В нескольких дюймах от этих врожденно барахлящих ушей у меня в черепе сидит страх смерти, а у моего брата — его отсутствие. Где же неподалеку может сидеть вера или ее отсутствие? В 1987-м один американский невролог заявил, что обнаружил, где именно в мозгу определенная электронная нестабильность вызывает религиозные чувства: так называемая «точка Бога» — своего рода усиленная версия пресловутой «точки Джи». Этот исследователь также недавно разработал «шлем Бога», стимулирующий височные доли слабым магнитным полем и предположительно вызывающий религиозные состояния. Как благородный человек — или как безрассудный храбрец — он испытал его на, возможно, наименее восприимчивом жителе планеты, Ричарде Докинзе, который добросовестно доложил, что не ощутил ни капли Божественного Присутствия.
Другие исследователи полагают, что нельзя определить местоположение единой точки Бога. В одном эксперименте пятнадцати монашкам-кармелиткам предложили вспомнить их самые глубокие мистические переживания: томограф показал электронную активность и повышение уровня кислорода по крайней мере в пятнадцати участках мозга. Однако нейромеханика веры не способна доказать существование (или отсутствие) Бога и определить принципы, лежащие в основе человеческой веры в высшие силы. Это может произойти, когда эволюционная психология раскроет адаптационную пользу религии для индивидуума и группы людей. Хотя как даже это коснется Бога, великого трюкача и иллюзиониста? И не надейтесь. Он предпримет тактическое отступление, как Он уже делает последние лет сто пятьдесят, в недоступную приборам часть Вселенной. «Возможно, тот факт, что Бог непостижим, является сильнейшим доказательством Его существования».

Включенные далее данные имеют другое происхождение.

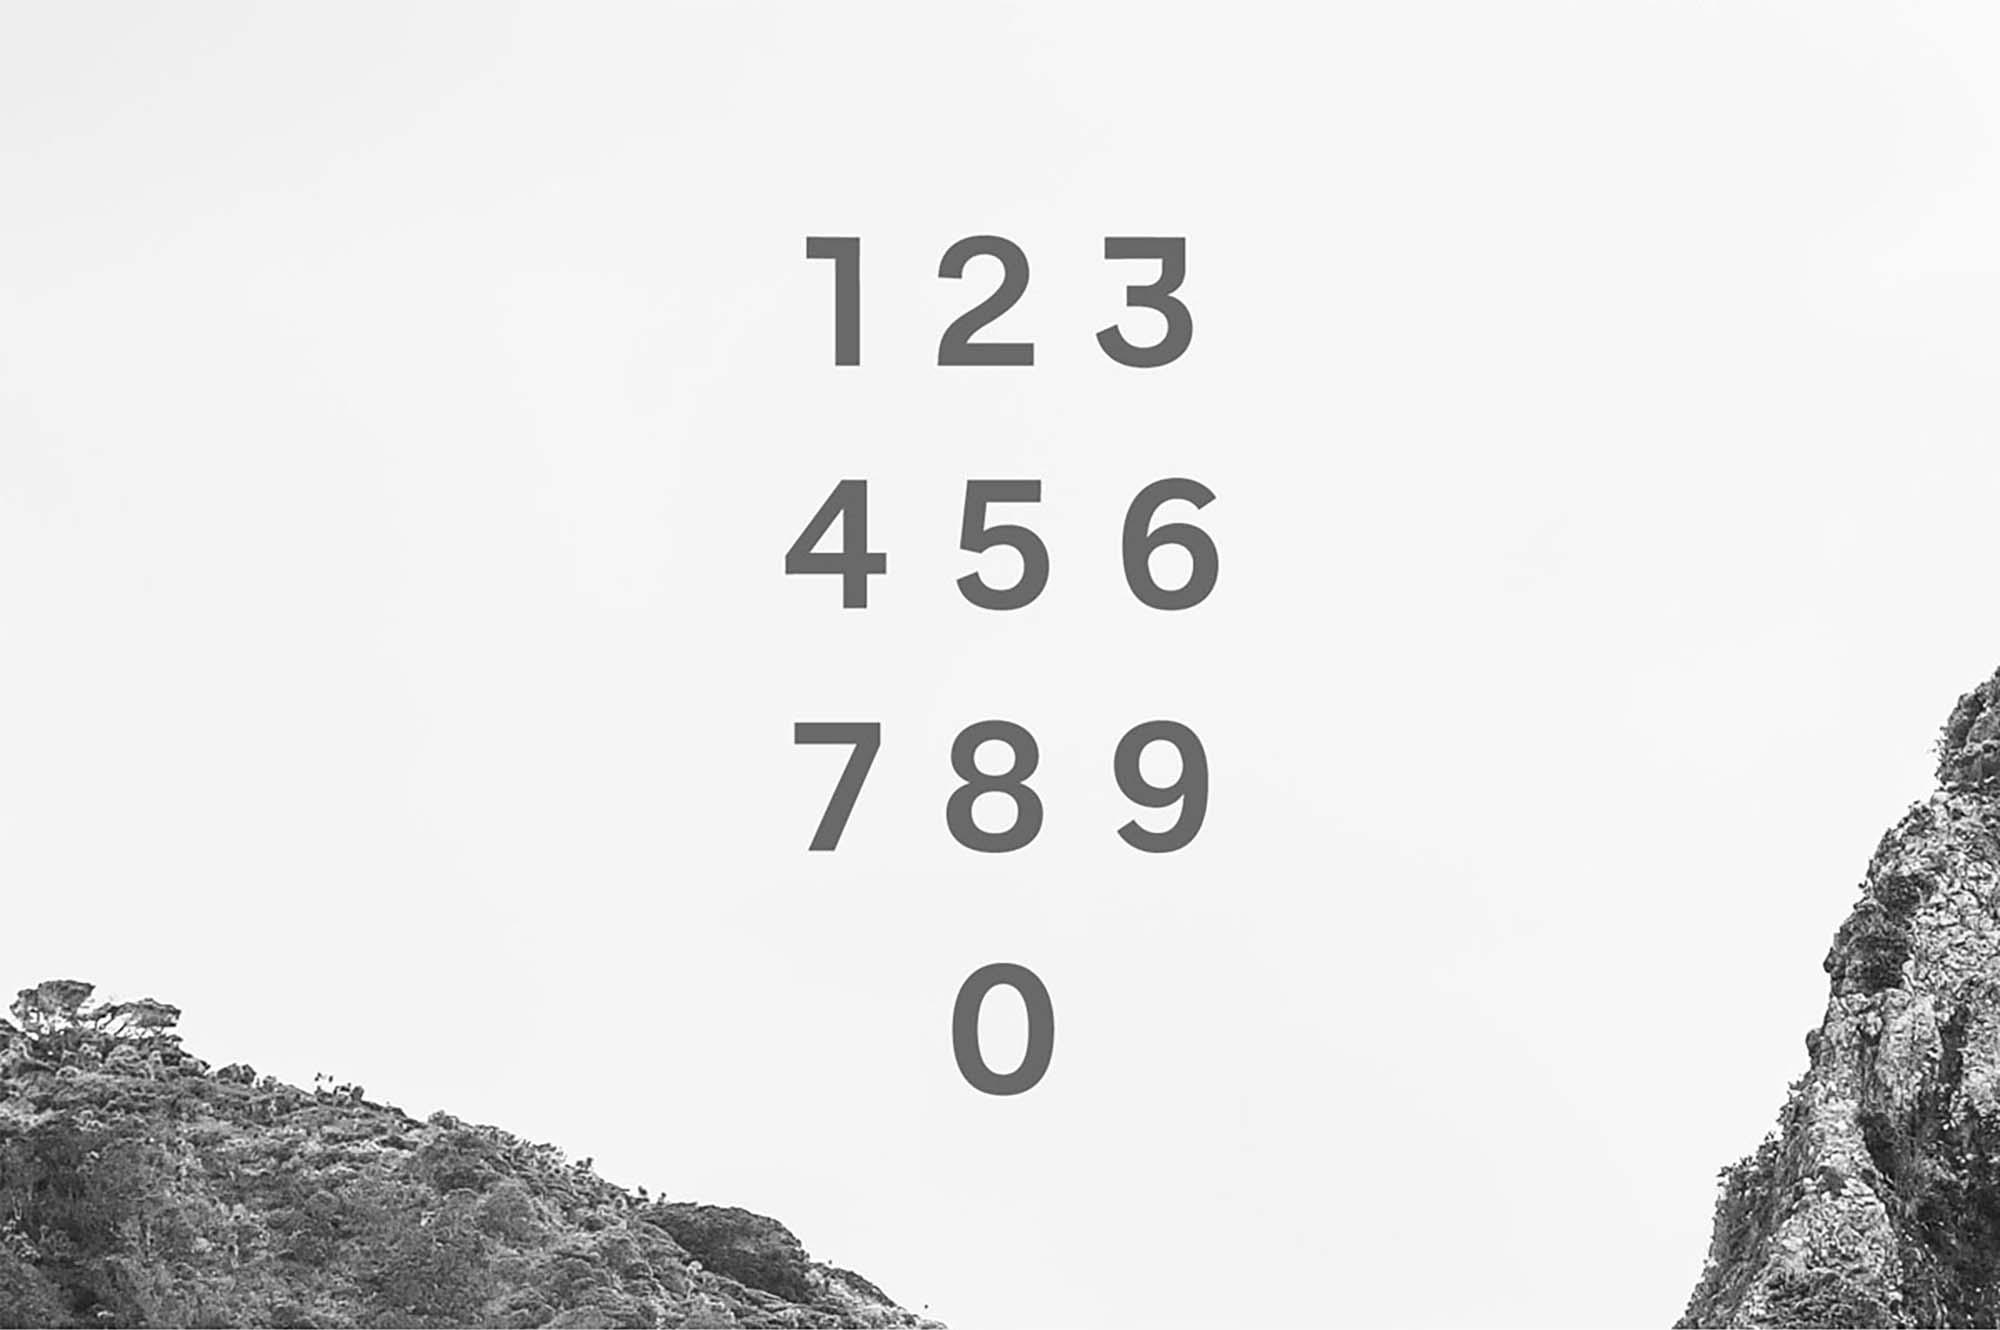 Benett Sans Serif Font Numbers

Различия между братьями: когда я был в возрасте максимального подросткового смятения, один родительский друг спросил папу, кто из его сыновей умнее. Отец, не отводя от меня глаз — своих добрых, либеральных глаз, — осторожно ответил: «Вероятно, Джонатан. Джулиан более разносторонний, так ведь, Джу?» Я вынужденно потворствовал такой оценке (с которой, вероятно, и так был согласен). Однако я также распознал знакомый эвфемизм. Весь Остальной Мир, Низкие Голоса, Разносторонний, тьфу.
Различия, которые находила в своих сыновьях моя мать, нравились мне больше. «Когда они были маленькими, а я заболела, Джулиан забрался ко мне в постель и свернулся калачиком, а его брат принес мне чаю». Еще одно различие, о котором она рассказывала: однажды мой брат обкакался и отреагировал на это словами «Этого больше никогда не произойдет» — и не произошло; в то время как я, не справившись с управлением детским кишечником, был обнаружен за тем, что весело размазывал дерьмо по полу, втирая в щели. Однако мое любимое различие было обозначено нашей матерью гораздо позже. К тому времени оба ее сына уже достигли определенных профессиональных успехов. Вот как она формулировала свою гордость за них: «Один мой сын пишет книги, которые я могу читать, но не понимаю, другой пишет книги, которые я понимаю, но читать не могу».